Segment Start: Task inputs
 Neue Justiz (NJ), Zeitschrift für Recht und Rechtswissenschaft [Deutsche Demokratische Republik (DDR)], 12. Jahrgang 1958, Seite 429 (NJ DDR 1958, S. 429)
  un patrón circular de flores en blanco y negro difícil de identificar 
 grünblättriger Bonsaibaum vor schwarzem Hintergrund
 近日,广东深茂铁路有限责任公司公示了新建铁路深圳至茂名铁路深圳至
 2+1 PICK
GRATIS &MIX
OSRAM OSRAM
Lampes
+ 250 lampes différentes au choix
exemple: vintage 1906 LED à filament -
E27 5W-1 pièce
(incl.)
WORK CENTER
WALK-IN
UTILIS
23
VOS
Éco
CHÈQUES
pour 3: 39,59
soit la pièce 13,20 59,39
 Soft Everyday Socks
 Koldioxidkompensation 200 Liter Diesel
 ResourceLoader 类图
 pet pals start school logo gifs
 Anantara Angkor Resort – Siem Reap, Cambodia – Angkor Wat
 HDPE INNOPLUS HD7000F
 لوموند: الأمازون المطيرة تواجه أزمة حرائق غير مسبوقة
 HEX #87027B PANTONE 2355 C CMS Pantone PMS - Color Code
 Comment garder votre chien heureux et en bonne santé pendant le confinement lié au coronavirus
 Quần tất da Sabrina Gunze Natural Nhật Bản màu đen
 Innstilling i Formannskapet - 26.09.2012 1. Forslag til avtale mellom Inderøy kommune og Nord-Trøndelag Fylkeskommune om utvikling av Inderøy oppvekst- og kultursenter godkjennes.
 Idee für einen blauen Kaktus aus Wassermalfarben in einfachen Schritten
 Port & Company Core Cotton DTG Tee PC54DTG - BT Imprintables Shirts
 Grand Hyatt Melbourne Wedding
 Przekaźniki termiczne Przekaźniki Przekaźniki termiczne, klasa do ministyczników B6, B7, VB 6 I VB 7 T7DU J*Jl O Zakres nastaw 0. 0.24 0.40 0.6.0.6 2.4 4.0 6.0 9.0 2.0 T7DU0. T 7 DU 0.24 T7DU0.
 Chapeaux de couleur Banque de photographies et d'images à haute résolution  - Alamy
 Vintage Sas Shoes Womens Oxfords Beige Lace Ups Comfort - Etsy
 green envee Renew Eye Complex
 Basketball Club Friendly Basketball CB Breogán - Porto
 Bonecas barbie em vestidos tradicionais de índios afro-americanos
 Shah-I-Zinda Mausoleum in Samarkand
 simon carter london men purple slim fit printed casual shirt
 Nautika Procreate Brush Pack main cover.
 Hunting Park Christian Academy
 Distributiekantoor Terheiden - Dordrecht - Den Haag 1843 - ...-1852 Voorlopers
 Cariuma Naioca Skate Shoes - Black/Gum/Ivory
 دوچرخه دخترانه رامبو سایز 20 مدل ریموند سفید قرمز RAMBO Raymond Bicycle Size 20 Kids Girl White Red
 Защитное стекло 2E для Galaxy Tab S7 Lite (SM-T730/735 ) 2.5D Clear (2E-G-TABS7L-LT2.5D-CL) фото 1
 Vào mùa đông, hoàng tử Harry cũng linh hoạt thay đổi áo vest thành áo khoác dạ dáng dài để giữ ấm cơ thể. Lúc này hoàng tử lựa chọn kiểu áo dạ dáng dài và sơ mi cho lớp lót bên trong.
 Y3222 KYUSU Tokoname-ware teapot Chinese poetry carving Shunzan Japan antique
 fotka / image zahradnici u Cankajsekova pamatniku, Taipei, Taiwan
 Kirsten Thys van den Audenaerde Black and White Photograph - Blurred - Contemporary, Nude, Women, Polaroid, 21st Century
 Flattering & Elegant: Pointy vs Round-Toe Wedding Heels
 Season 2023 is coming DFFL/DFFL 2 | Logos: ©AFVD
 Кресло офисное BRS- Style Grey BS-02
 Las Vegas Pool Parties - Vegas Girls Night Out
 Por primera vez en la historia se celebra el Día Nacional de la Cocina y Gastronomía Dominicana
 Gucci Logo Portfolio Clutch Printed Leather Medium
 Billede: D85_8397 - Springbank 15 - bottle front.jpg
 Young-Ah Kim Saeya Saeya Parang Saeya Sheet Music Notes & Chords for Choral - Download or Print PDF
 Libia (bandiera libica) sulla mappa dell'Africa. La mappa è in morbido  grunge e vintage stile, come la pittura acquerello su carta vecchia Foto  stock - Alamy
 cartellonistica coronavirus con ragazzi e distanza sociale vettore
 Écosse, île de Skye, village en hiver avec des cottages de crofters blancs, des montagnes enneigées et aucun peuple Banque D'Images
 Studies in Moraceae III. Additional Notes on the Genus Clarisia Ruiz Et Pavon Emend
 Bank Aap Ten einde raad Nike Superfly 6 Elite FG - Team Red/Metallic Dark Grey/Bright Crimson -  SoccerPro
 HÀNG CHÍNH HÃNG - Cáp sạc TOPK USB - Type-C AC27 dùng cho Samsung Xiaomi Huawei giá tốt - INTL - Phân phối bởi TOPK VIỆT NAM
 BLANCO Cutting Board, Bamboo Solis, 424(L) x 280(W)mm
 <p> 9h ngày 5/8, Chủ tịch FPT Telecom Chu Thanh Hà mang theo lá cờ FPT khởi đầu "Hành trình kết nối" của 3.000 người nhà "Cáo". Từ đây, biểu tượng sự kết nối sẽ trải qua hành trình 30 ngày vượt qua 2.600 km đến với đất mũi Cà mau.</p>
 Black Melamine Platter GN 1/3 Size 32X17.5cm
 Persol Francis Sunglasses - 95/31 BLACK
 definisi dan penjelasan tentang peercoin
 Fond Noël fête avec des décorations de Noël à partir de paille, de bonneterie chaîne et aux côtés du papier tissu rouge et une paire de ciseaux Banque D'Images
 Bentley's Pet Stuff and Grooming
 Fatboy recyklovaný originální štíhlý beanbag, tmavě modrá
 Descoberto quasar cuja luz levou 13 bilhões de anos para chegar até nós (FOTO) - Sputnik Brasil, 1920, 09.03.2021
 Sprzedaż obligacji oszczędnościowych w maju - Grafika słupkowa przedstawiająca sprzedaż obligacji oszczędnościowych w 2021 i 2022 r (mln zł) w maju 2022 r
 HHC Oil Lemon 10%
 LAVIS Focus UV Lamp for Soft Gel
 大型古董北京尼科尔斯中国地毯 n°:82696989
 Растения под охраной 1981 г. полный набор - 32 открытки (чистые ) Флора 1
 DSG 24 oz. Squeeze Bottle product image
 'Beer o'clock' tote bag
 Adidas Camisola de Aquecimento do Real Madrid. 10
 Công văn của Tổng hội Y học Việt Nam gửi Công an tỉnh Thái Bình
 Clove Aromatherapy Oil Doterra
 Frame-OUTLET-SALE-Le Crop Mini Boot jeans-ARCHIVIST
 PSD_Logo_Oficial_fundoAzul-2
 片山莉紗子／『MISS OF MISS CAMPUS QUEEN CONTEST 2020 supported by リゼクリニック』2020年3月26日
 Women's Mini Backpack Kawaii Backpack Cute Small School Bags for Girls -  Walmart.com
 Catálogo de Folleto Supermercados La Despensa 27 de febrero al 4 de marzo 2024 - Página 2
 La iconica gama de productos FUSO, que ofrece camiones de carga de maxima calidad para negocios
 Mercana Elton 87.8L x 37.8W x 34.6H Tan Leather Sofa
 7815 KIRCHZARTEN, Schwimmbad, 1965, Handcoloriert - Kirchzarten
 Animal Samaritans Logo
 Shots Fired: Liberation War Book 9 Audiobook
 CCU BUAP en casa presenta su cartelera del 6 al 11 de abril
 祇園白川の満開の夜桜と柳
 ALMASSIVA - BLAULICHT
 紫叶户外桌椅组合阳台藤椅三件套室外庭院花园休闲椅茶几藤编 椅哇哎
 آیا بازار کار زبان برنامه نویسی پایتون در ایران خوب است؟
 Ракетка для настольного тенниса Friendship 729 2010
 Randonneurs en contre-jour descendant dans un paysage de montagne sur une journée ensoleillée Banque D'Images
Segment End: Task inputs
→ **What to do**: Report back each line of the entries that holds the string "Girls".

→ **Answer to this exercise**:
 Las Vegas Pool Parties - Vegas Girls Night Out
 Women's Mini Backpack Kawaii Backpack Cute Small School Bags for Girls -  Walmart.com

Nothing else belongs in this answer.